5.2.2 Les attentes initiales

On l’a vu, les motivations ayant mené les entrepreneurs rencontrés à adhérer au marché virtuel sont principalement de l’ordre de l’enthousiasme envers un nouveau canal, et peu orientées vers l’aspect financier ou social du projet. Cette réalité se répercute dans les attentes exprimées envers le projet, alors qu’on se rend compte rapidement que celles-ci sont assez basses. Ainsi, si aucun des entrepreneurs rencontrés n’a mentionné avoir des attentes chiffrées de vente via le marché virtuel, la plupart ont mentionné être plutôt curieux de voir comment ça allait se passer.

« On n’avait pas d’attentes là, on voulait juste que les ventes augmentent pis que les gens connaissent le réseau pis qui puissent commander via ça. Mais on n’avait pas d’attentes particulières. » (P01)

« Aucune attente.
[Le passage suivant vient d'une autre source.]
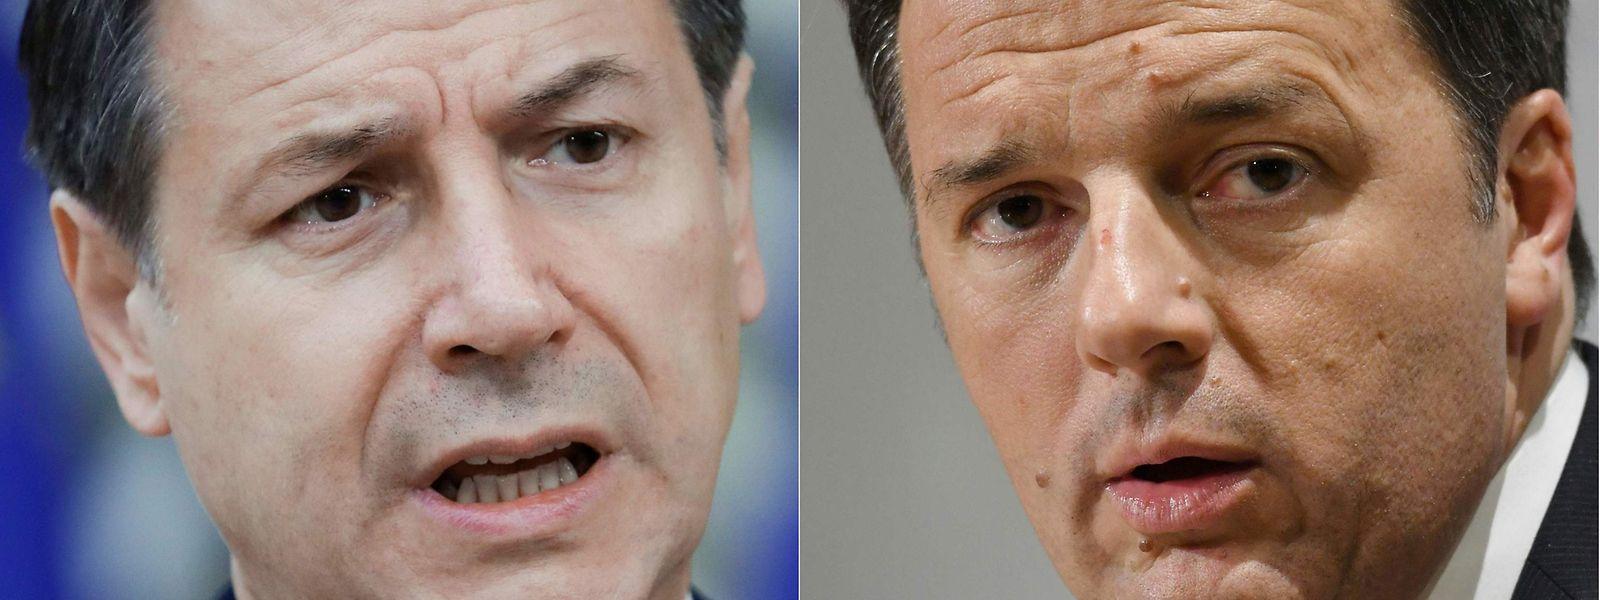 Der italienische Premierminister Giuseppe Conte (links) liegt im Clinch mit dem früheren Amtsinhaber Matteo Renzi.

Pis même aujourd’hui j’ai pas plus d’attentes je te dirais. » (P02)

« Non, au début non [on n’avait pas d’attentes], on savait pas trop comment ça allait aller. » (P03)
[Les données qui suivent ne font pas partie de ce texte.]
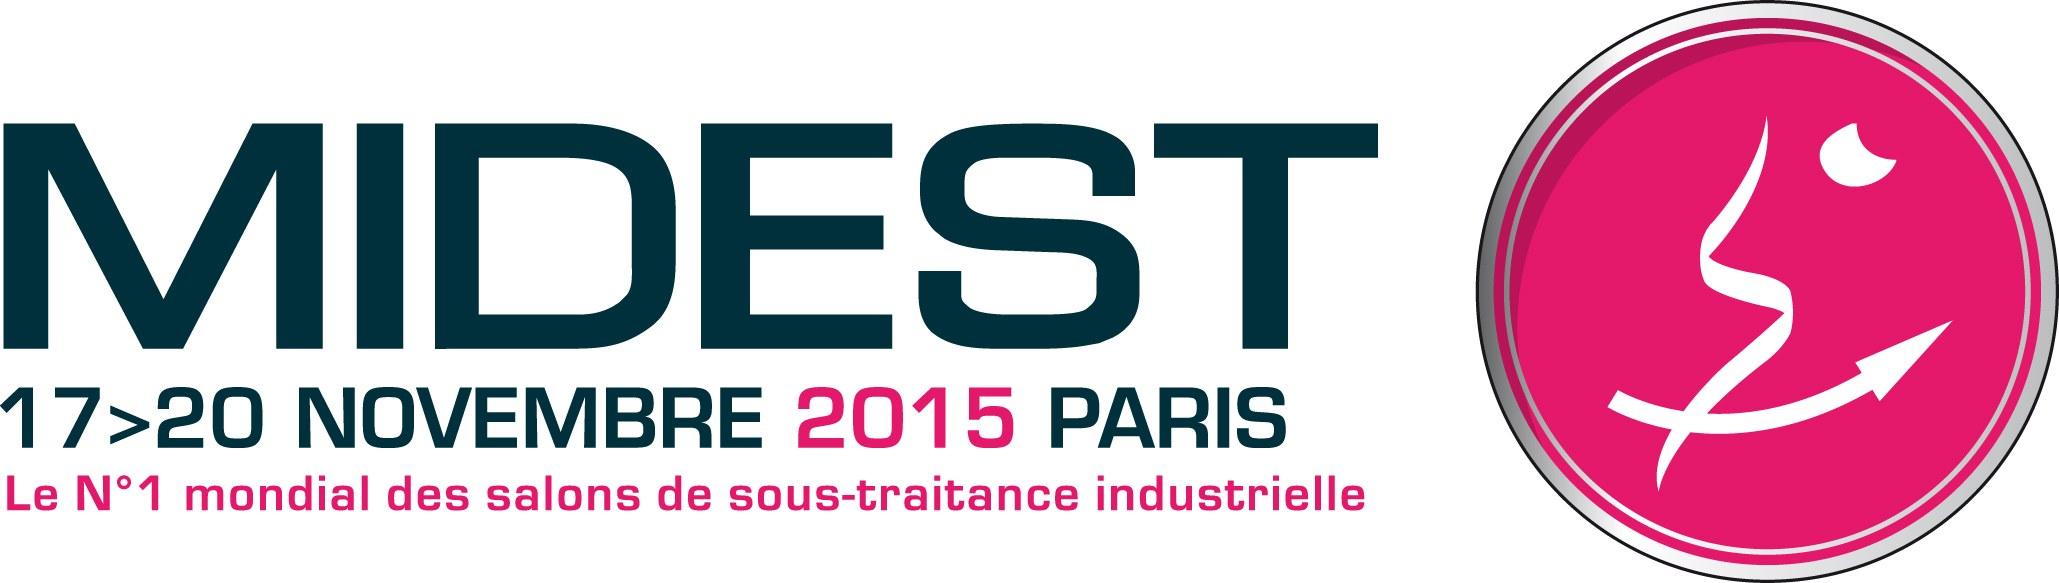 Parisen MIDEST 2015 erakustazoka azaroaren 12tik 20ra bitartean

« Ben pas jusqu’à maintenant, parce que c’tait… […], ça faisait pas partie de la planification, […]. » (P04)

« Tsé j’avais pas des grosses attentes… […]. J’me disais mon p’tit congélateur, dans ma tête j’pensais que c’est ça qu’ça ferait, pis c’est ça qu’ça faite. » (P06) « Non, pas plus que ça. J’suis allé là par curiosité. » (P09)

« Moi j’ai vraiment pas eu d’attentes, pis j’suis vraiment pas déçue du concept. » (P10)
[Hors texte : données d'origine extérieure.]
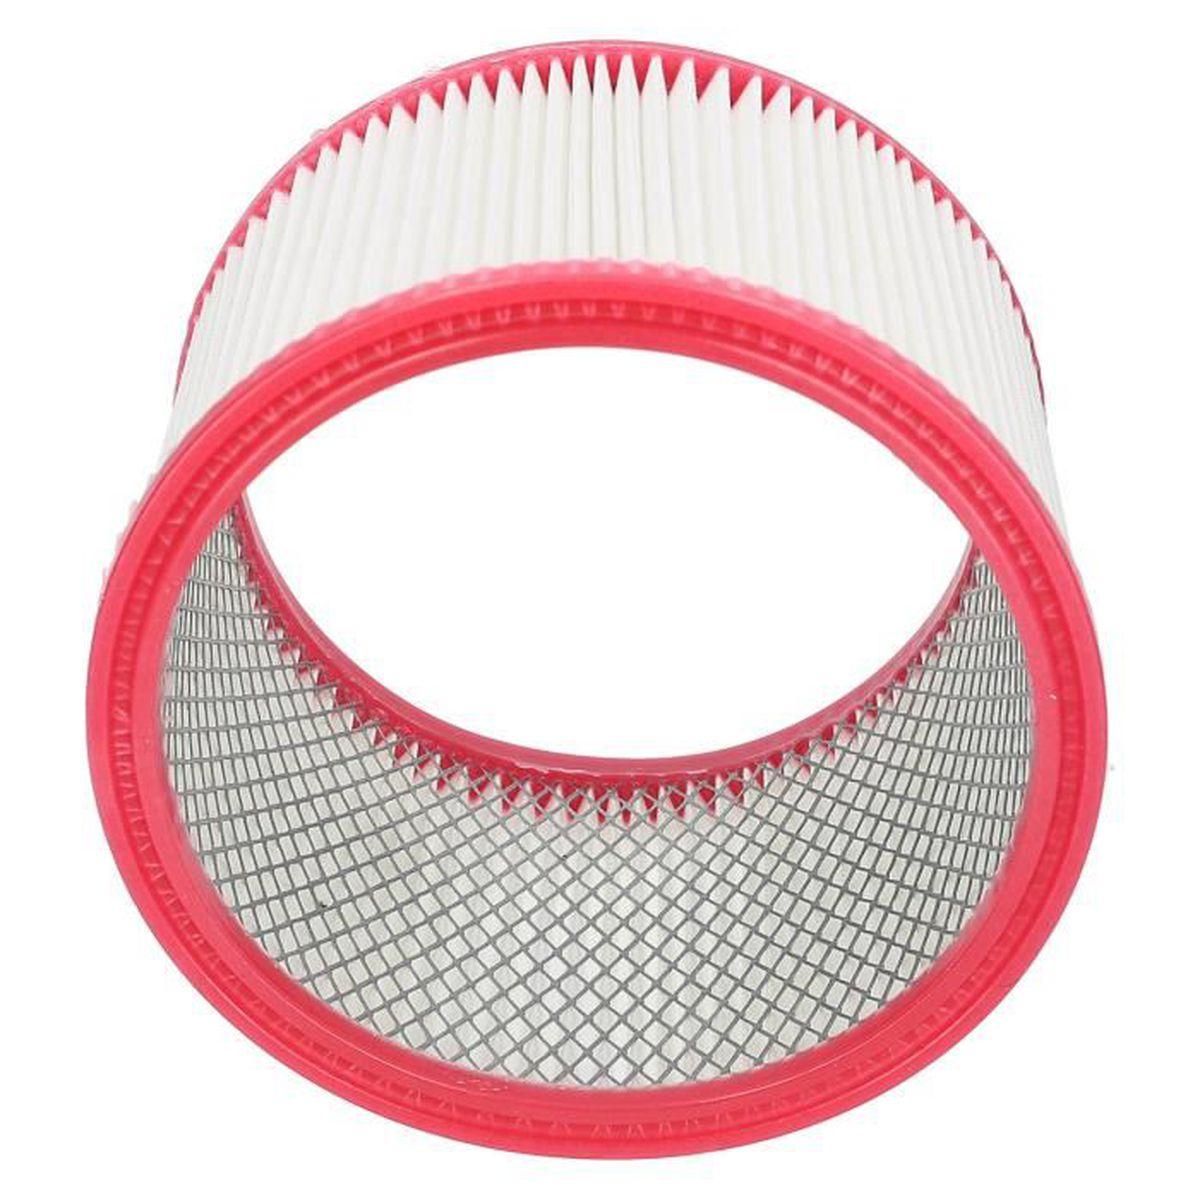 """2 x filtre pour aspirateur HENRY HOOVER Rond fits 12 /""""de diamètre tissu pièce de rechange"""

On peut facilement se rendre compte, à la lecture de ces extraits, que même si les entrepreneurs peuvent avoir été motivés par l’idée d’un canal de vente supplémentaire pour leurs produits qui leur permettrait peut-être d’augmenter leurs revenus, ils n’ont pas voulu se faire d’idée préconçue des résultats qu’ils pourraient en retirer. On peut penser que cette façon de voir le marché découlerait du fait que le marché virtuel est un modèle encore peu connu, donc ils n’avaient pas de référence pouvant leur donner un indice sur les retombées qu’ils pourraient en retirer, et ont préféré demeurer prudents quant à leurs objectifs.

En synthèse de cette sous-section, il convient donc simplement de répéter qu’aucune attente initiale particulière n’a été mentionnée par les participants, tant d’un point de vue financier que social. Ainsi, si, comme nous l’avons vu à la section précédente, certains entrepreneurs ont été motivés par la possibilité d’augmenter leurs ventes, ils n’ont pas voulu faire de prévision sur la valeur de cette augmentation.